Cylc Questions - Githubissues

kinow commented 6 years ago

[ ] How are the contact file and sqlite files used?
[x] Are the suite.rc files, ConfigObj files?
[ ] How does Cylc's communication model compare to:
- [x] JupyterHub
- [ ] Hadoop/Spark
- [ ] Apache Airflow
- [x] Luigi?

kinow commented 6 years ago

Luigi

Different than Cylc, Luigi does not contain a scheduler. One should still be able to use an external scheduler, such as cron, to schedule tasks with Luigi.

It contains a dependency management, and tasks that can execute commands via SSH.

Different than Cylc, there is no DSL or even an external file in YAML or JSON. The tasks are configured via Python code.

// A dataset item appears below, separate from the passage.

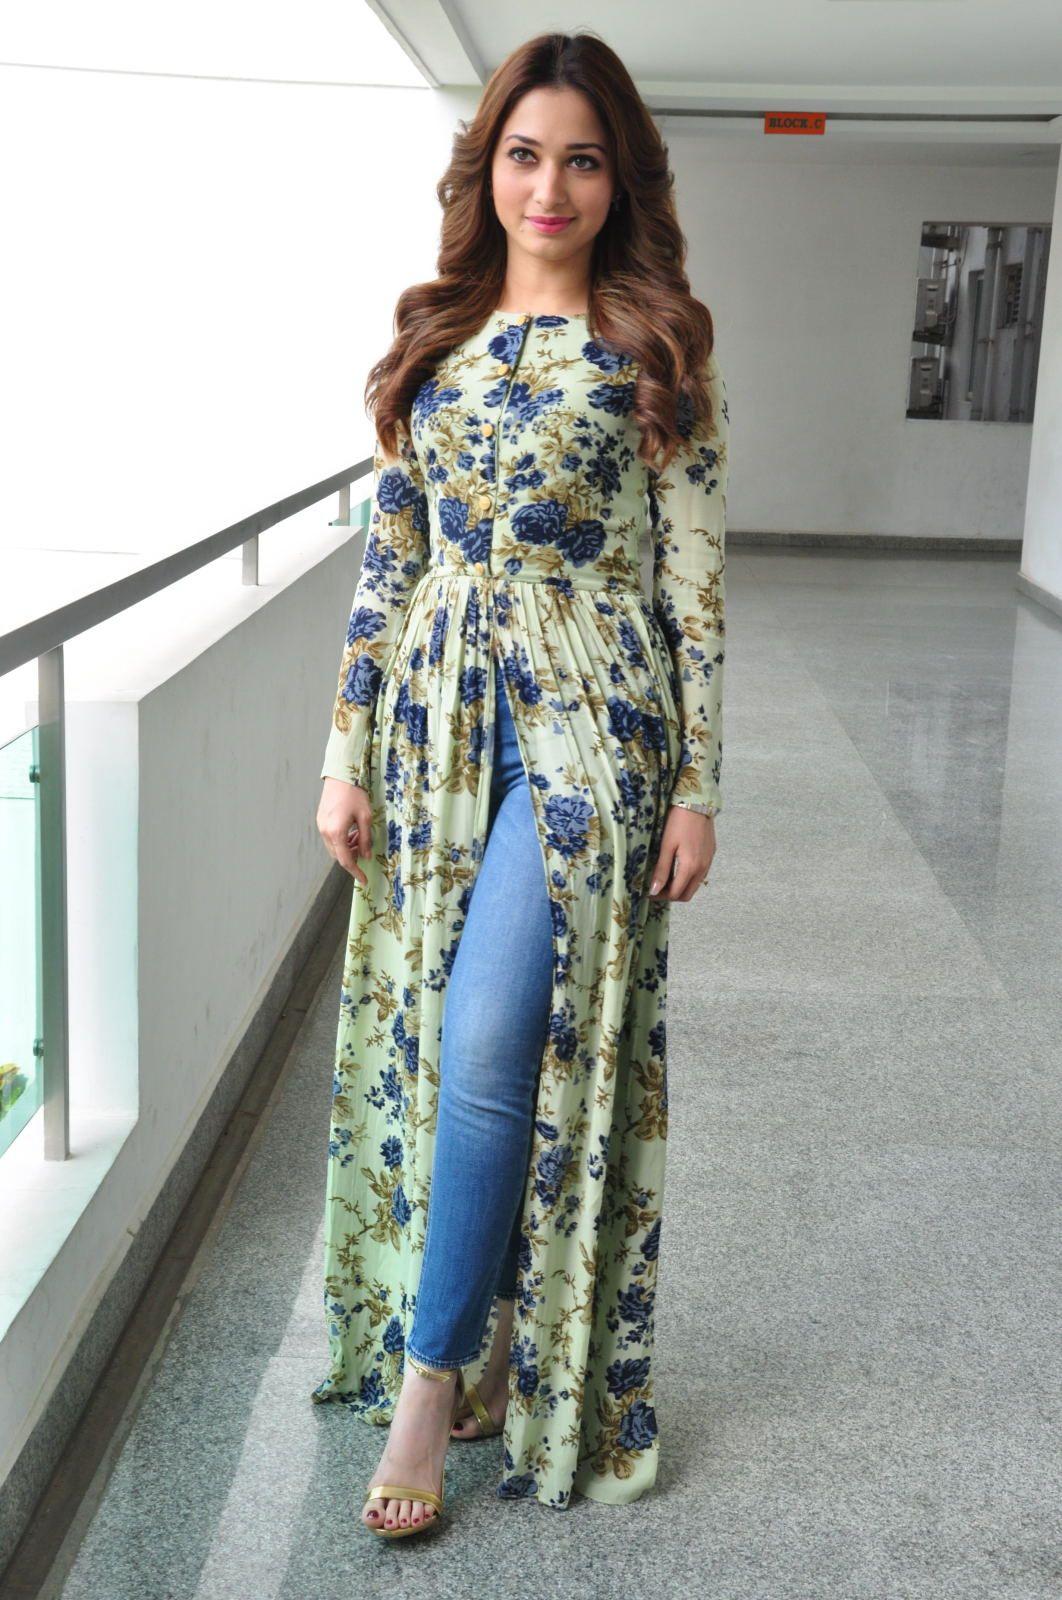 Tamanna Stills at Baahubali Promotions | Long dress design, Indian fashion  dresses, Kurta designs women

When you execute a task in Luigi, it will be looking at the output folders and all dependencies to see whether the task is completed or not.

Running luigid --pidfile /tmp/luigid/pid --logdir /tmp/luigid/ --state-path /tmp/luigid/state starts the daemon with the Tornado web application, or "Central Scheduler". The central scheduler is responsible for (quoting docs):

Make sure two instances of the same task are not running simultaneously
Provide visualization of everything that’s going on.

When you start the server, it will contain just the log file.

luigid-fullpage

The dependency graph is simple, but contains colours that can quickly indicate the status of each task.

It is possible to run the foo task from the examples with the following line to see a task in luigid: PYTHONPATH="." luigi --module examples.foo examples.Foo --workers 2 --scheduler-host localhost --scheduler-port 8082

Note that when one submits the task, it must indicate the scheduler (by default it uses localhost:8082). From what I understood from the documentation and quick read at the code, the task running locally will communicate with the scheduler to send information about its status.

Here's an example from the documentation, the on_success from the Task class.

By default the /history/ endpoint will return an error 500. But if you enable the history feature, then a page similar to Hadoop's old job history will be displayed.

The scheduler must be started in a folder with luigi.cfg (you can use other locations like /etc/luigi/client.cfg), with something similar to:

#File: luigi.cfg
[scheduler]
record_task_history = True
state_path = /tmp/luigid/luigi-state.pickle

[task_history]
db_connection = sqlite:////tmp/luigid/luigi-task-hist.db

The database above contains the following schema.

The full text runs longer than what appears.